### How to complete this task
For the entries that follow, retype exactly the lines from the one containing "The Artisan Studio" to the one containing "AD16-22D/S AC 220V", inclusive, and only those. Images stay out of the copy.

### Extracted entries
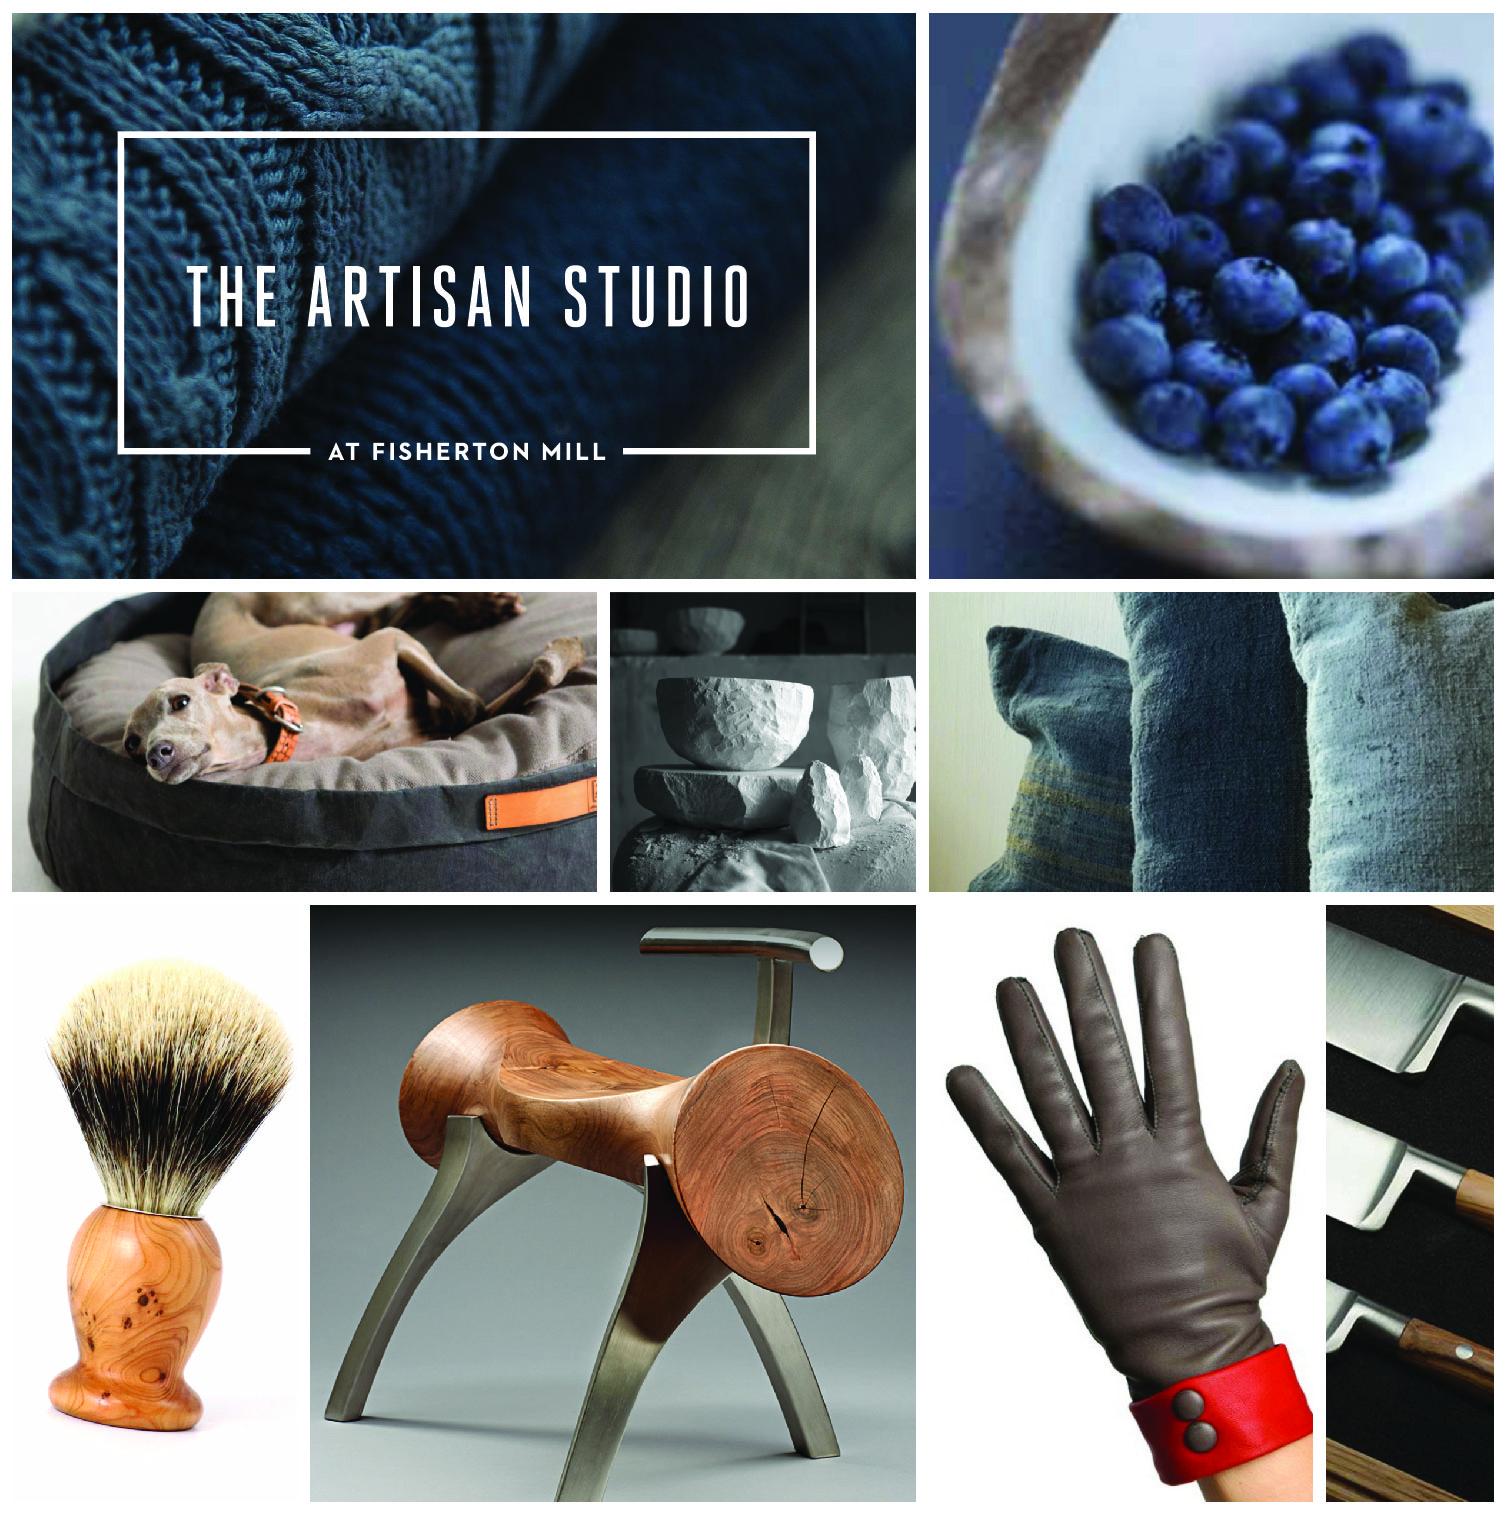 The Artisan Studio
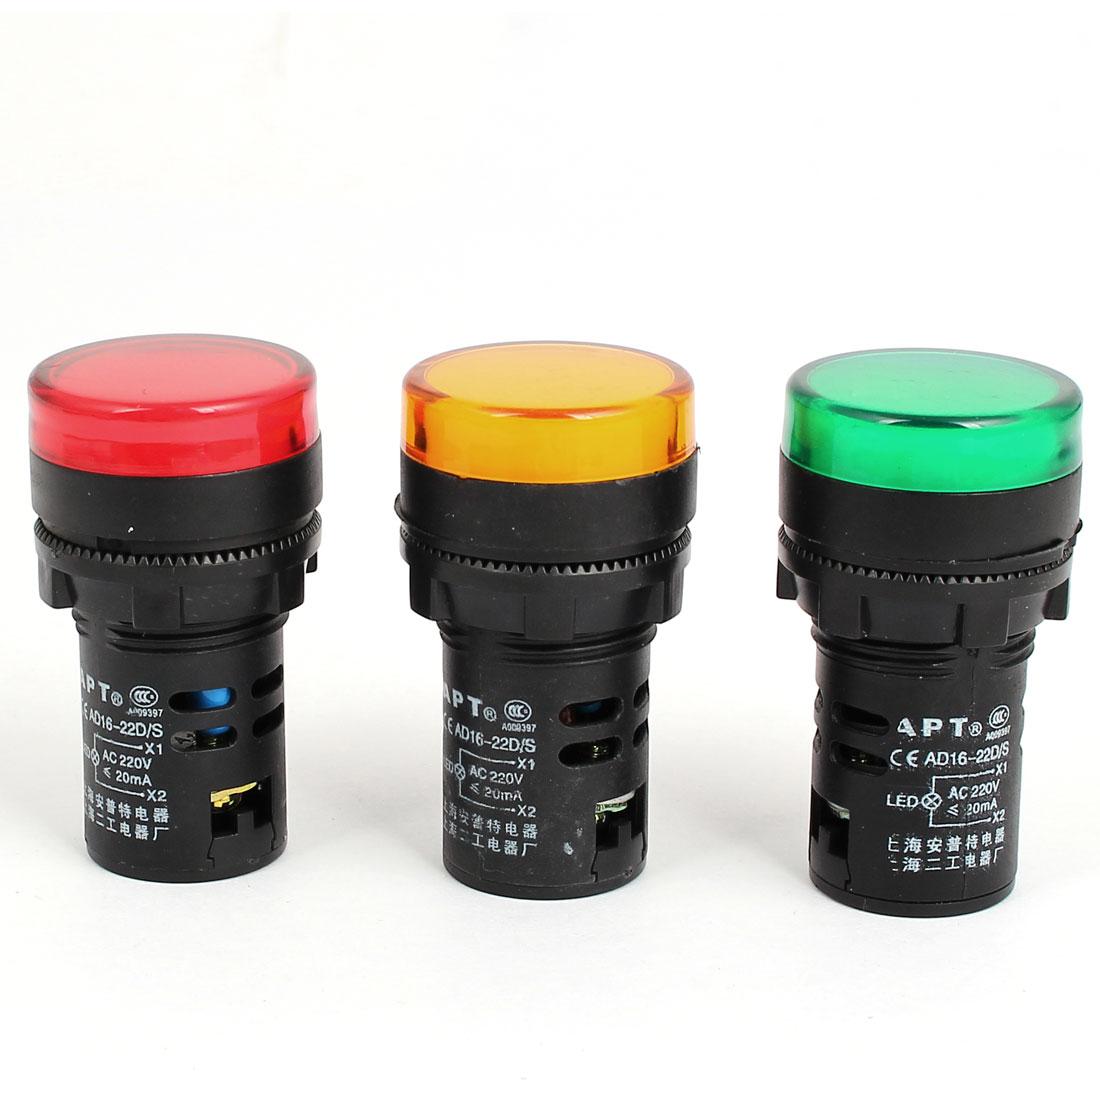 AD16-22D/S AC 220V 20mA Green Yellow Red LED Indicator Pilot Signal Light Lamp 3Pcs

...

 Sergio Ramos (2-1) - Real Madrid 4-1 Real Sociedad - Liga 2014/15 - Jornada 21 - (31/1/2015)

--

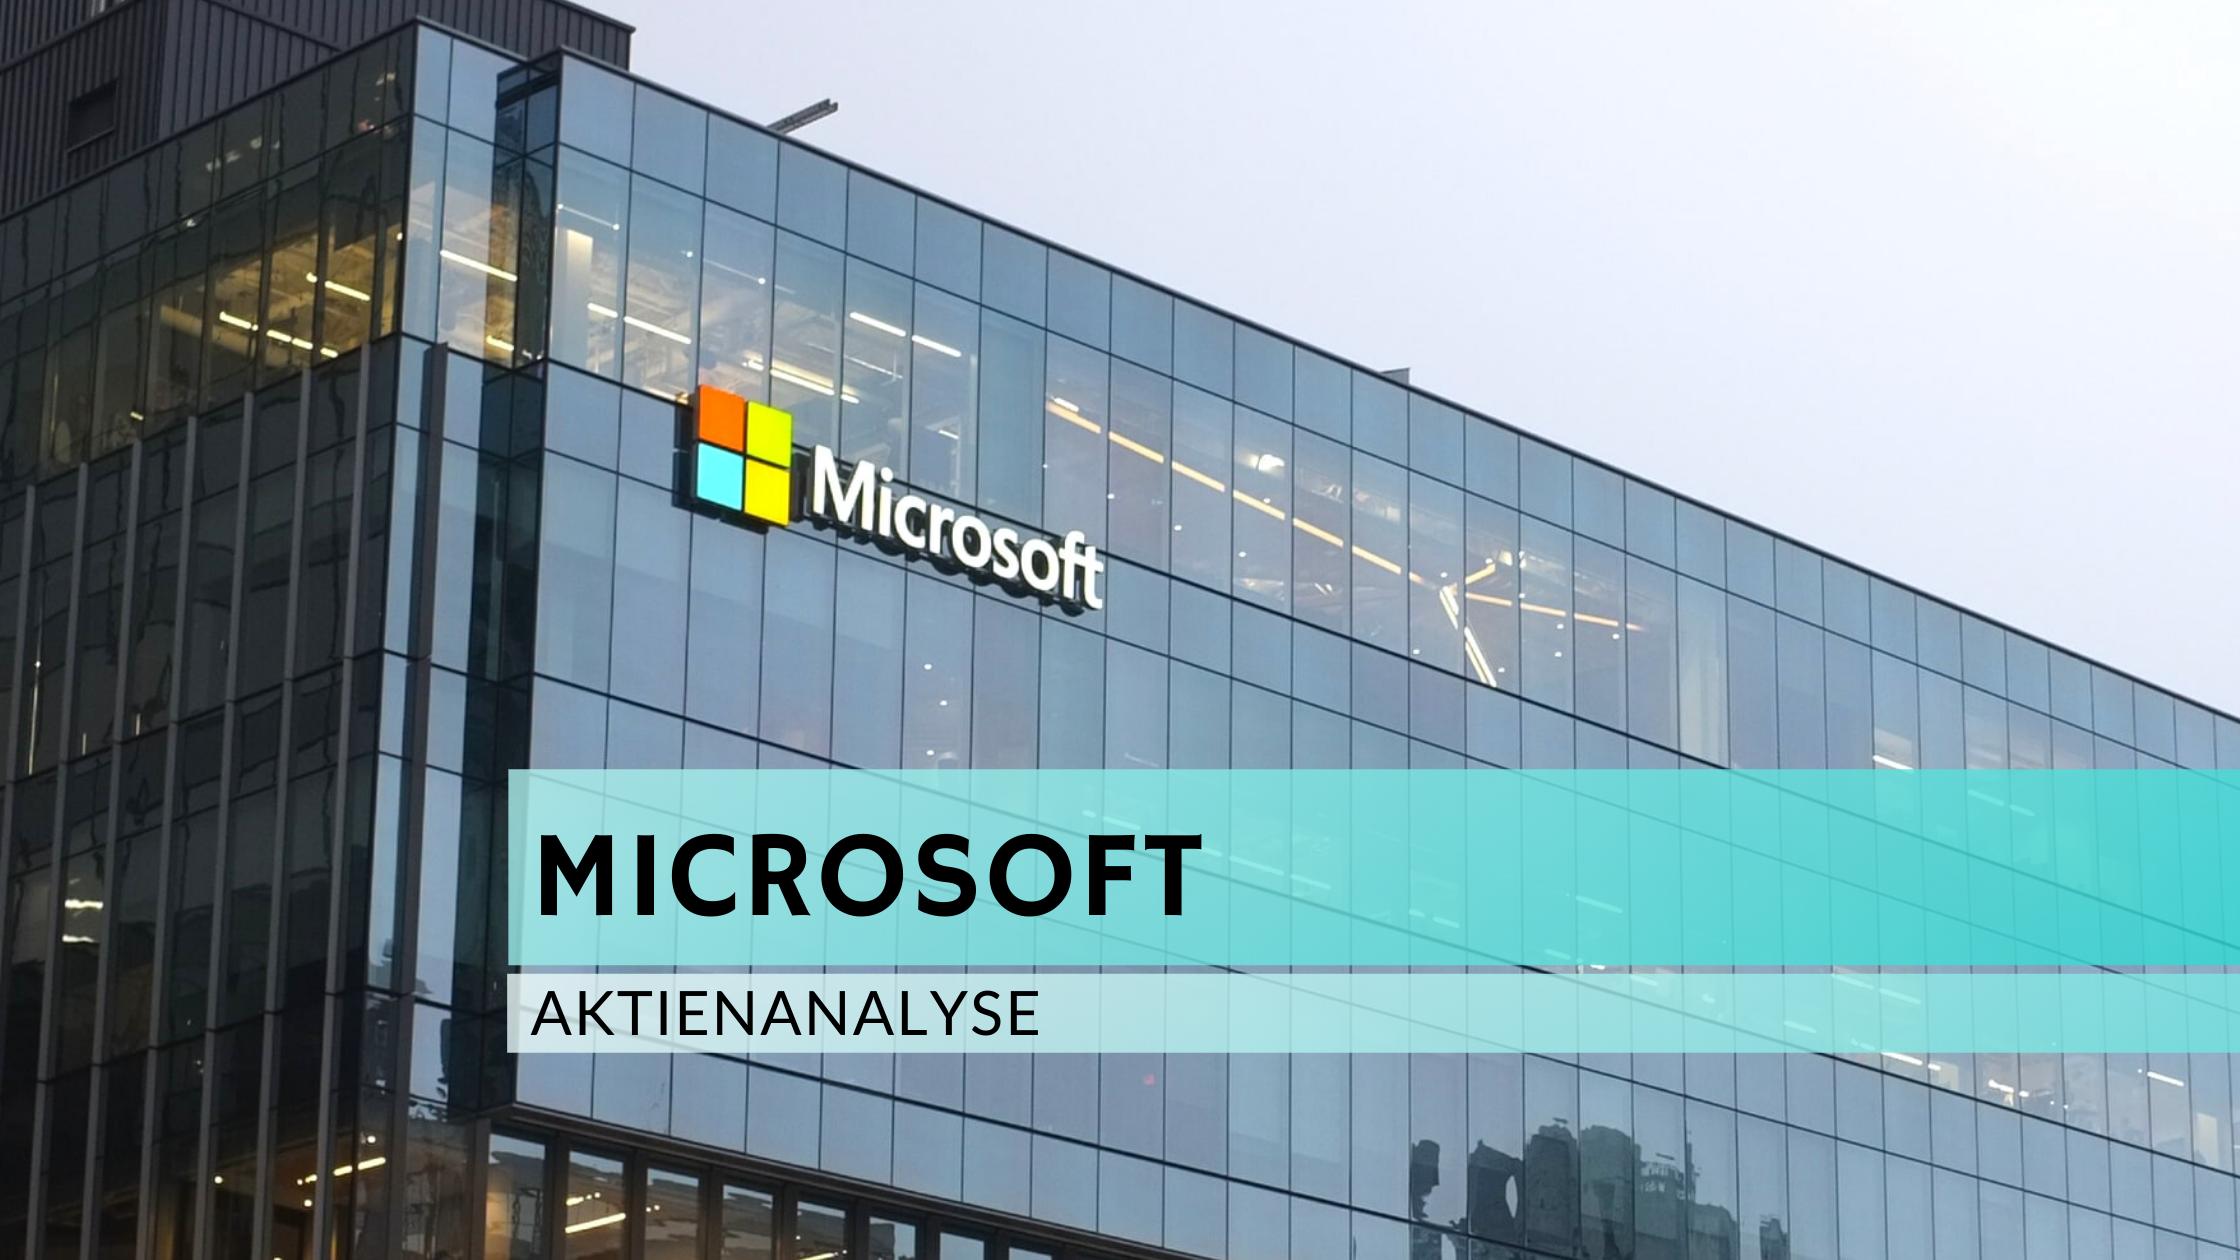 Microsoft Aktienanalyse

### Result
 The Artisan Studio
 AD16-22D/S AC 220V 20mA Green Yellow Red LED Indicator Pilot Signal Light Lamp 3Pcs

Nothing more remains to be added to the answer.